I came up with one neat trick myself: By specifying `seed` as an `inout` value, the function returns random floats while mutating the seed automatically, so you can call `rand(seed)` repeatedly to get your stream of values. For example, generating a random `vec3` is simply

``````vec3 rand3(inout uint seed) {
return vec3(rand(seed), rand(seed), rand(seed));
}
``````

Finally, we generate our initial seed based on the sample count (which changes every frame) and the invocation ID (which changes for each pixel):

``````void main() {
// Set up our random seed based on the frame and pixel position
uint seed = hash(hash(u.samples) ^ hash(gl_GlobalInvocationID.x));
...
}
``````

## Performance

Performance data was captured on 2017 Macbook Pro, with a Radeon Pro 560 GPU and a 2.9 GHz Intel Core i7 CPU.

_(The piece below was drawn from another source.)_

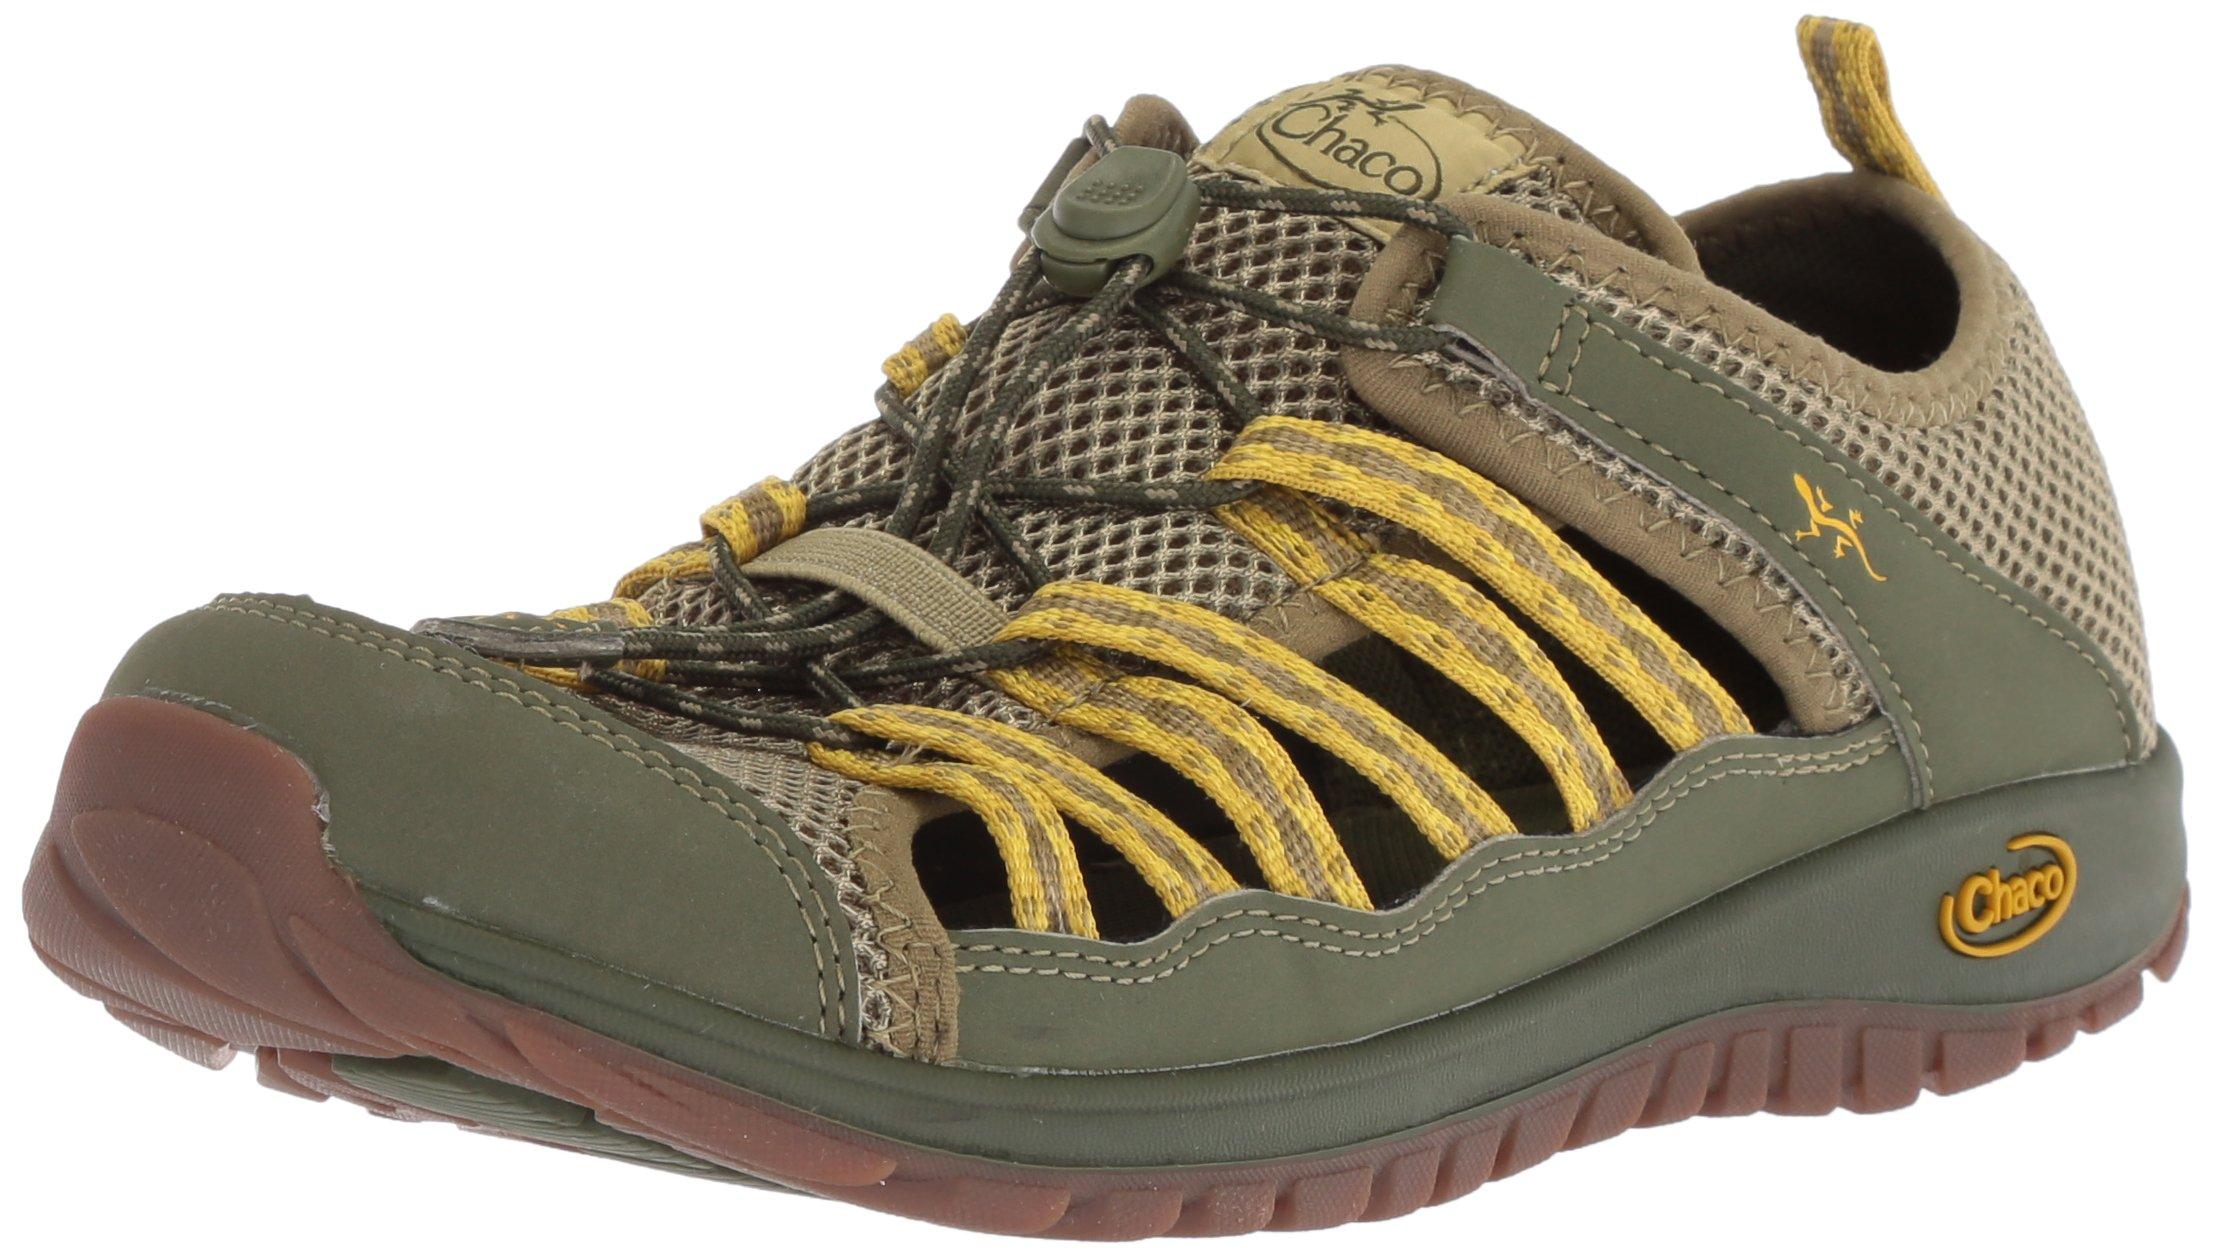 Chaco Boys' Outcross 2 Water Shoe, Avocado, 11 Medium US Little Kid

Two figures are presented: steady-state absolute performance (in mega-rays per second), and equivalent speed when rendering a 1200 x 1200 image.

SceneAbsolute speed
(Mray/sec)
12002 image
(frames/sec)
Cornell Box 304211
Ray Tracing in One Weekend 19.113.3
the orb 3322
Golden sphere grid 8660
Prism 955663
Caffeine molecule 193134

To compare, the reference implementation for Ray Tracing in One Weekend takes about 577 seconds to render a 1200 x 1200 image at 500 samples per pixel, (max depth of 6 bounces, compiled with `-O3`, output disabled).

`rayray` takes 43.4 seconds to render the same image, which is a 13x speedup (even including startup and shader compilation time).

Of course, the reference implementation isn't optimized for performance – but then again, neither is `rayray`!

## Infrastructure

Like Futureproof, `rayray` is built on a stack of (unnecessarily) modern tools and technologies:

While building the scene-specific pipeline, I ran into a pathological complexity explosion in SPIRV-Cross. Coincidentally, it had been fixed a few days earlier, so I worked to push that fix all the way upstream to `wgpu-native` (and also `wgpu-rs`, to be polite).

This was a very positive experience: the `gfx-rs` and `wgpu` folks were consistently responsive and helpful, so props to that community.

(I also found a bug in `cbindgen` along the way, which was promptly fixed!)

## Future plans

Like Futureproof, this was a toy project / proof of concept, and I'm not planning to maintain it into the future.

As always, the code is on Github, and I'd be happy to link any fork which achieves critical momentum.

Now that `naga` is released, it may be time to transition back to Rust for graphics work – my motivation for using Zig was seamless interoperability with C libraries (mainly `shaderc`), and that's not longer needed in `wgpu` 0.7.0.